The validity of these two relations should be obvious from the figure below:

(2) \(\overline {{z_1} \pm {z_2}}  = {\bar z_1} \pm {\bar z_2}\)

These relations mean that the operation of conjugation is distributive over addition (and subtraction). You are urged to verify this by considering two arbitrary complex numbers \({z_1} = {x_1} + i{y_1}\)  and  \({z_2} = {x_2} + i{y_2}\) .

 

(3)  \(\begin{align}\overline {{z_1}{z_2}}  = {\bar z_1}{\bar z_2};\,\,\,\,\overline {\left( {\frac{{{z_1}}}{{{z_2}}}} \right)}  = \frac{{{{\bar z}_1}}}{{{{\bar z}_2}}}\end{align}\)  

These relations imply that conjugation is distributive over multiplication and division too. Lets prove this for multiplication.

Let \({z_1} = {x_1} + i{y_1}\)  and  \({z_2} = {x_2} + i{y_2}\)  .

Then,   \(\overline {{z_1}{z_2}}  = \overline {({x_1} + i{y_1})({x_2} + i{y_2})} \) .

\( = \overline {({x_1}{x_2} - {y_1}{y_2}) + i({x_1}{y_2} + {x_2}{y_1})} \) .

\( = ({x_1}{x_2} - {y_1}{y_2}) - i({x_1}{y_2} + {x_2}{y_1})\)

Now,   \({\bar z_1}{\bar z_2} = \overline {({x_1} + i{y_1})} \,\,\,\overline {({x_2} + i{y_2})} \) .

\( = ({x_1} - i{y_1})({x_2} - i{y_2})\) .

\( = ({x_1}{x_2} - {y_1}{y_2}) - i({x_1}{y_2} + {x_2}{y_1})\)

We see that \(\overline {{z_1}{z_2}}  = {\bar z_1}{\bar z_2}\) . The proof for division is similar.

(4)  \({\left| z \right|^2} = z\bar z\)

This is one of the most important relations to be used in this chapter. The proof is very straightforward.

Let \(z = x + iy.\)

\[\begin{align}z\bar z &= (x + iy)(x - iy)\\&= {x^2} - {i^2}{y^2}\\&= {x^2} + {y^2}\\&= {(\sqrt {{x^2} + {y^2}} )^2}= {\left| z \right|^2}\end{align}\]

(5)  \(z + \bar z = 2{\mathop{\rm Re}\nolimits} (z);\,\,z - \bar z = 2i{\mathop{\rm Im}\nolimits} (z)\) . \({\mathop{\rm Re}\nolimits} (z)\)  denotes the real part of z and Im(z) denotes the imaginary part of \(z.\)

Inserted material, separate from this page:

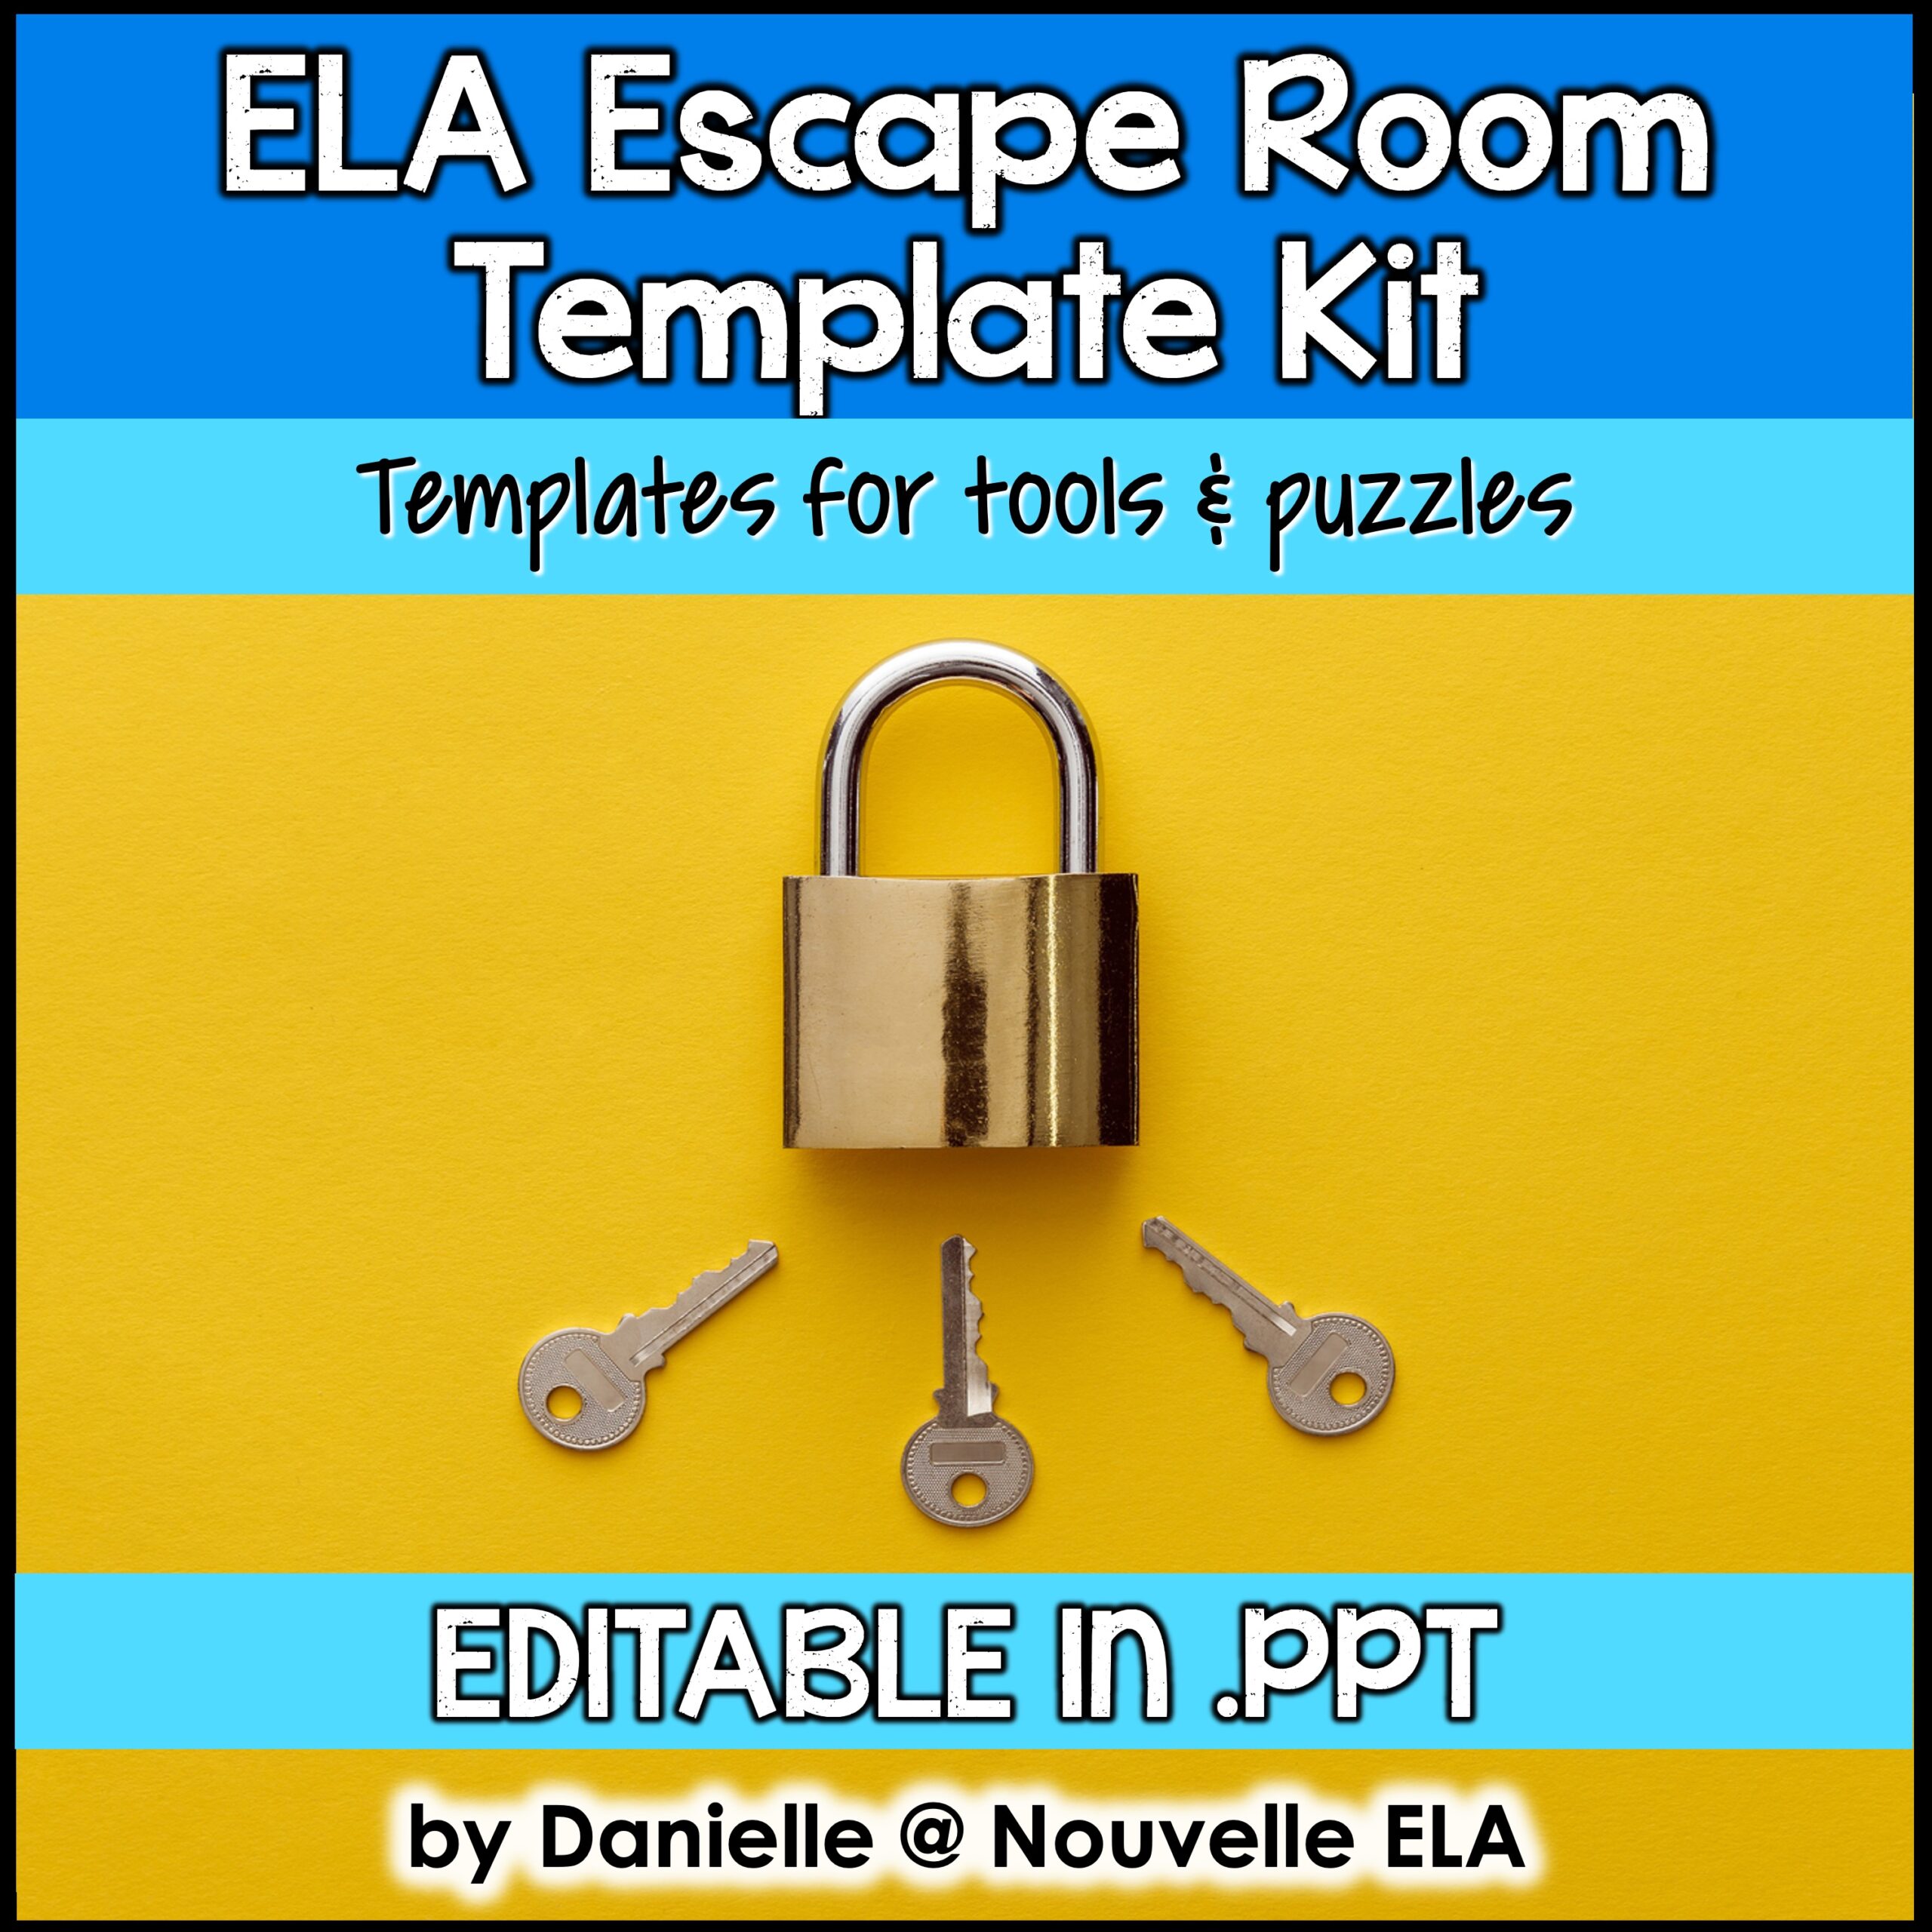 https://teachnouvelle.com/wp-content/uploads/2019/10/ELA-Escape-Room-Template-Kit-Cover-scaled.jpg

This property is again obvious; just consider  \(z = x + iy\)  to deduce it.

Example- 6

Simply the following

(a)  \({\left| {{z_1} \pm {z_2}} \right|^2}\)                    (b)  \({\left| {{z_1} + {z_2}} \right|^2} + {\left| {z{{\kern 1pt} _1} - {z_2}} \right|^2}\)

 Solution: (a) Let us simplify  \({\left| {{z_1} + {z_2}} \right|^2}\)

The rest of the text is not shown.